▶ PROVIDED INFORMATION
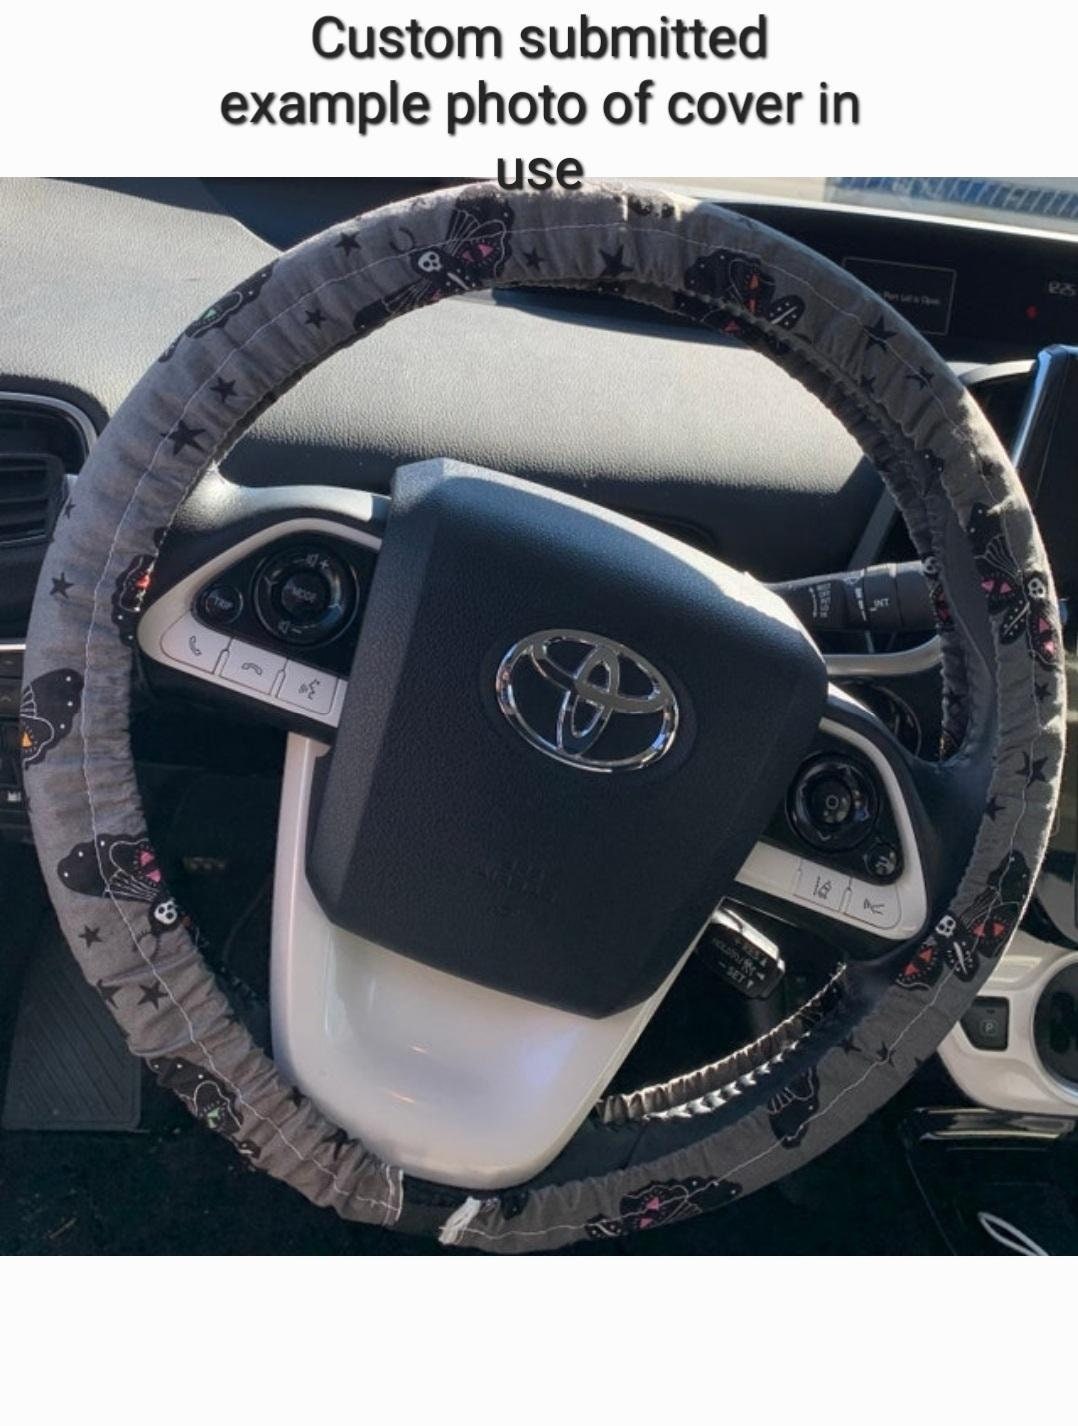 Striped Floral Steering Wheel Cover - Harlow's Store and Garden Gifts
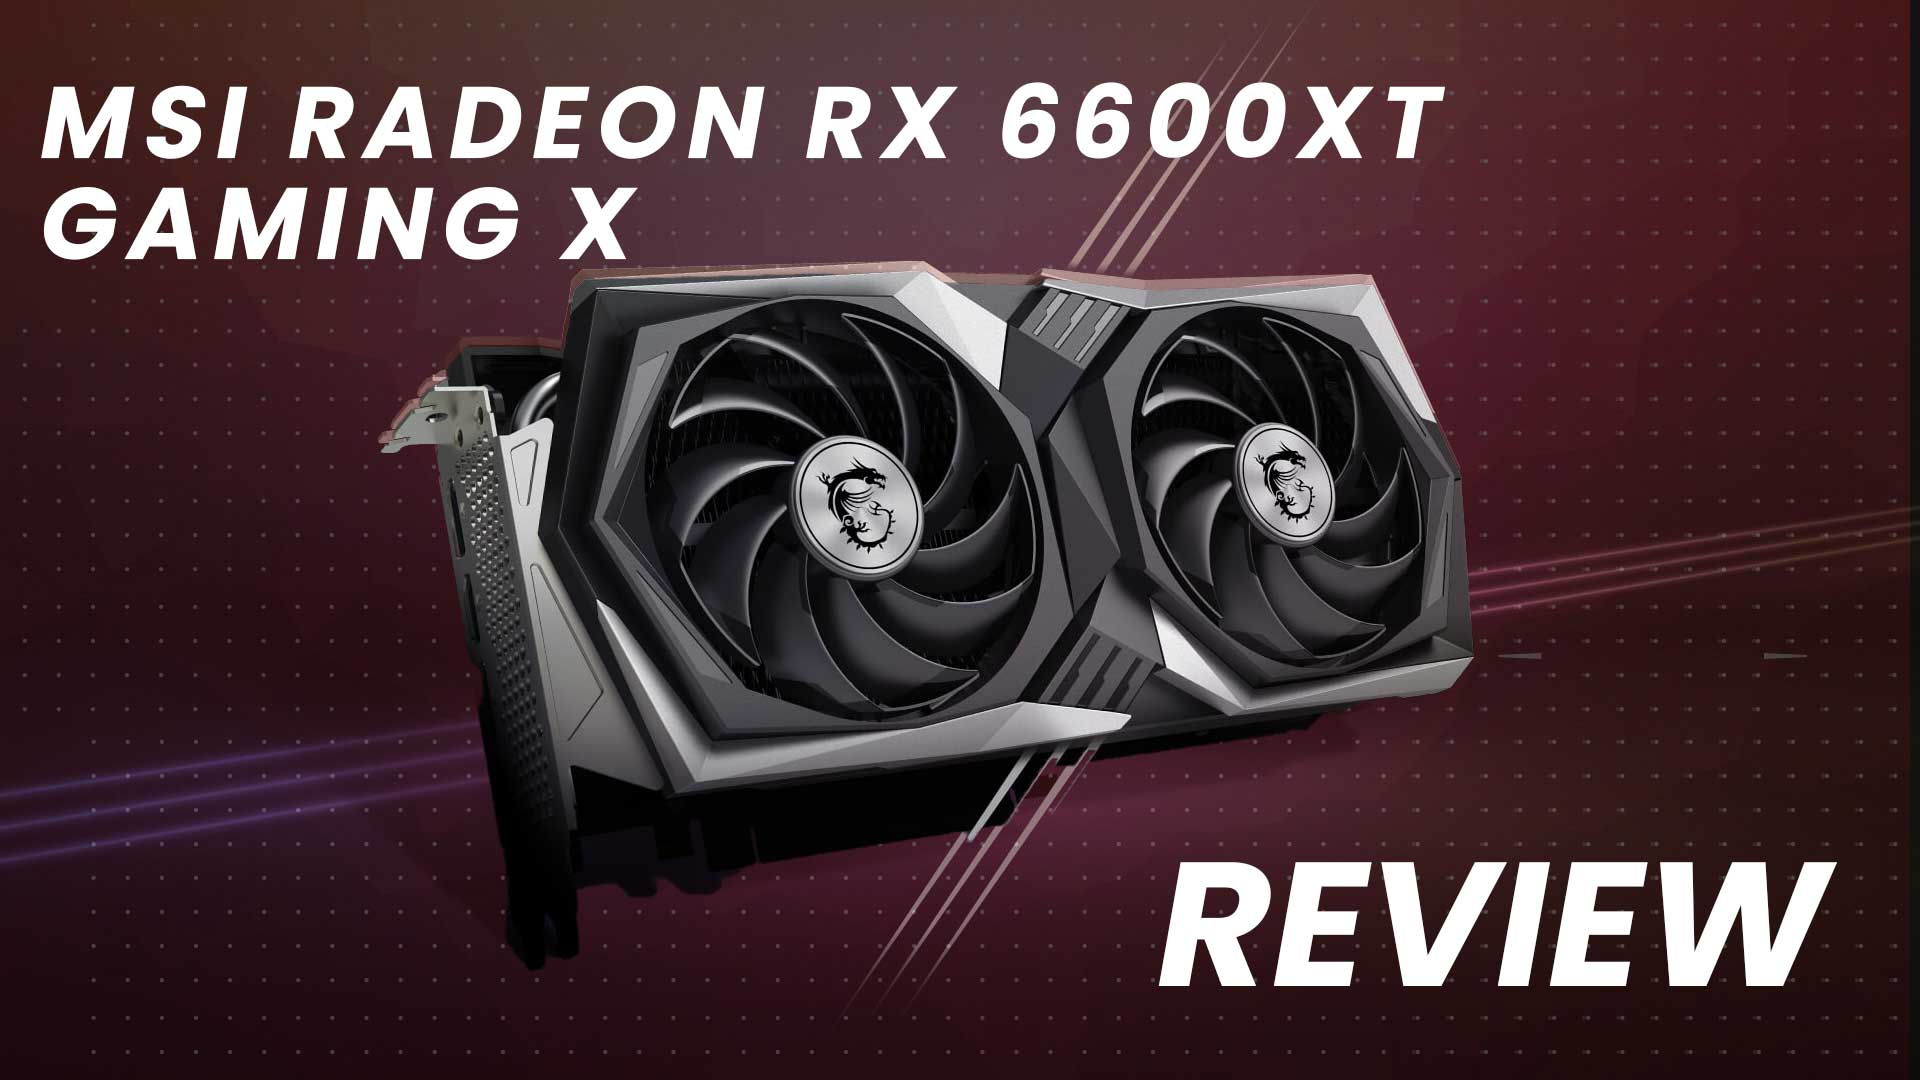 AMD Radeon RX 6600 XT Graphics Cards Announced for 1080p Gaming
==
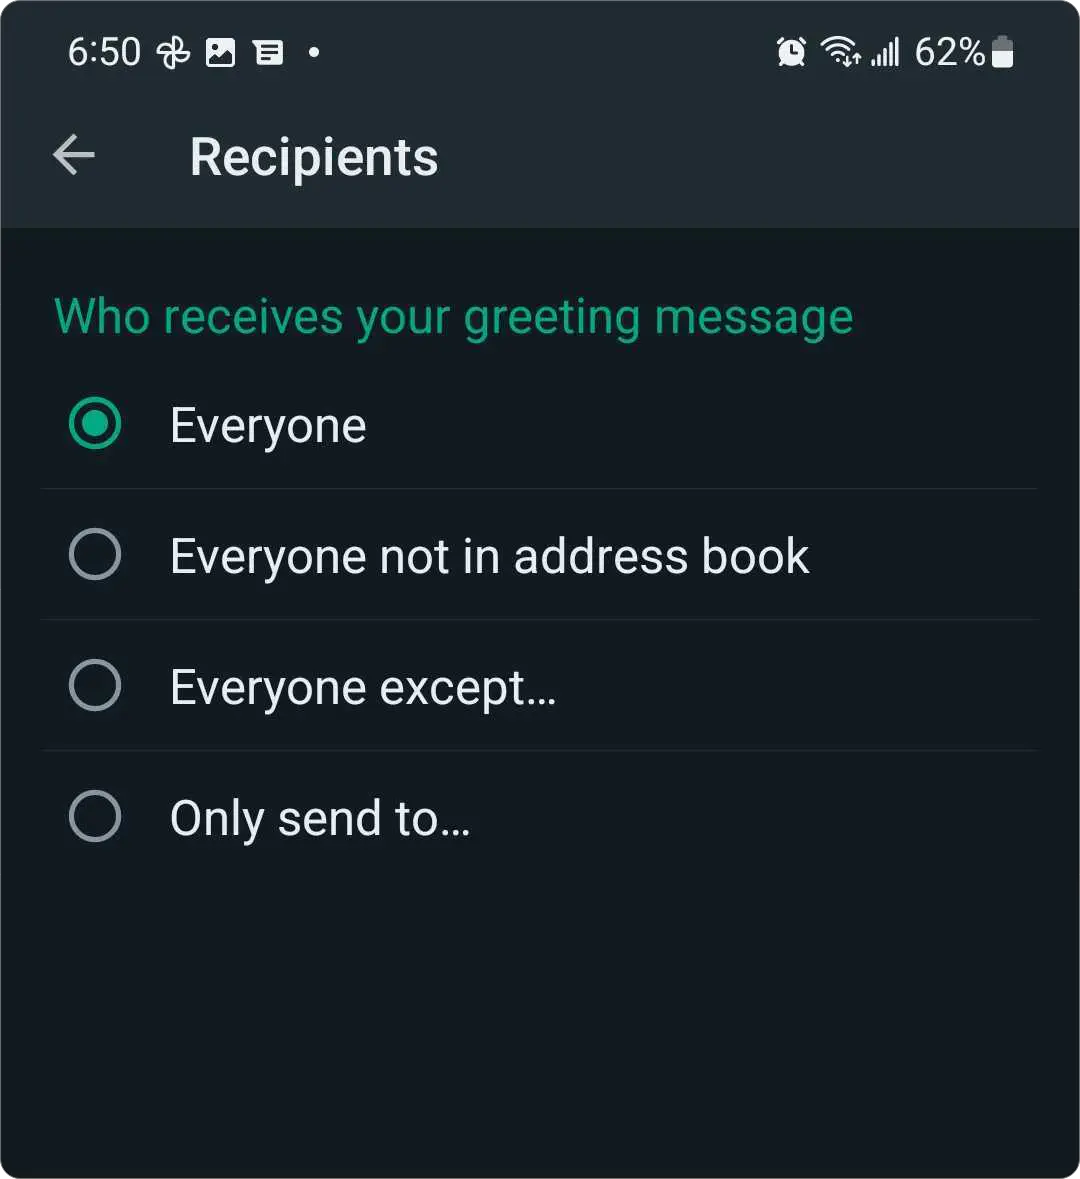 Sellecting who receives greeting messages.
--
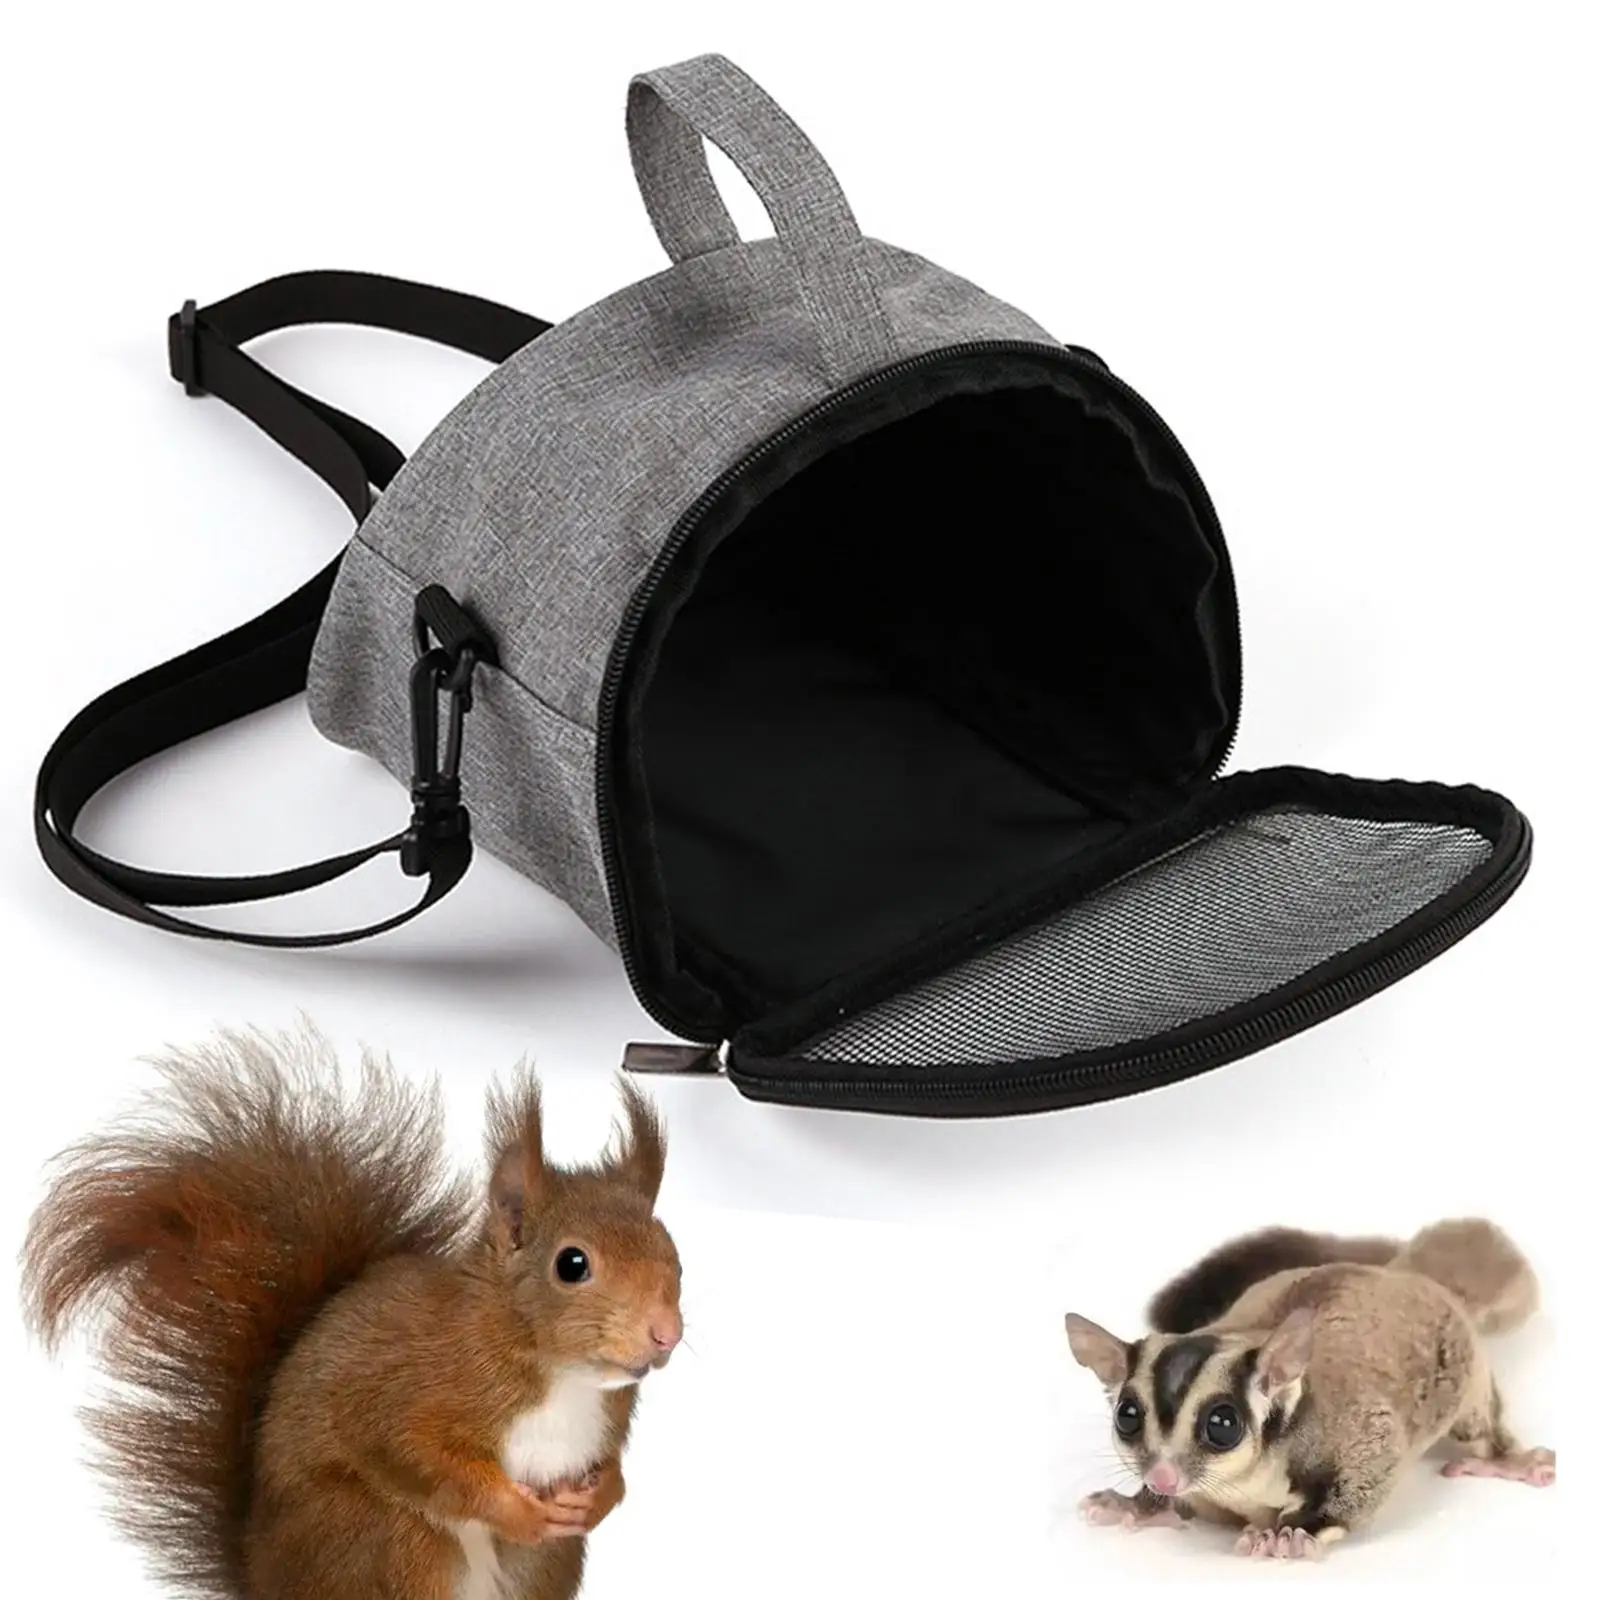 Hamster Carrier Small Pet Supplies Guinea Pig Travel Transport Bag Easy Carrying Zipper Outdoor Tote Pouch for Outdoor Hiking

▶ EXERCISE DESCRIPTION
Pictures excluded, give again exactly and only the lines of the material above from the line with "Striped Floral Steering" through the line with "AMD Radeon RX".

▶ RESPONSE TO THE EXERCISE
 Striped Floral Steering Wheel Cover - Harlow's Store and Garden Gifts
 AMD Radeon RX 6600 XT Graphics Cards Announced for 1080p Gaming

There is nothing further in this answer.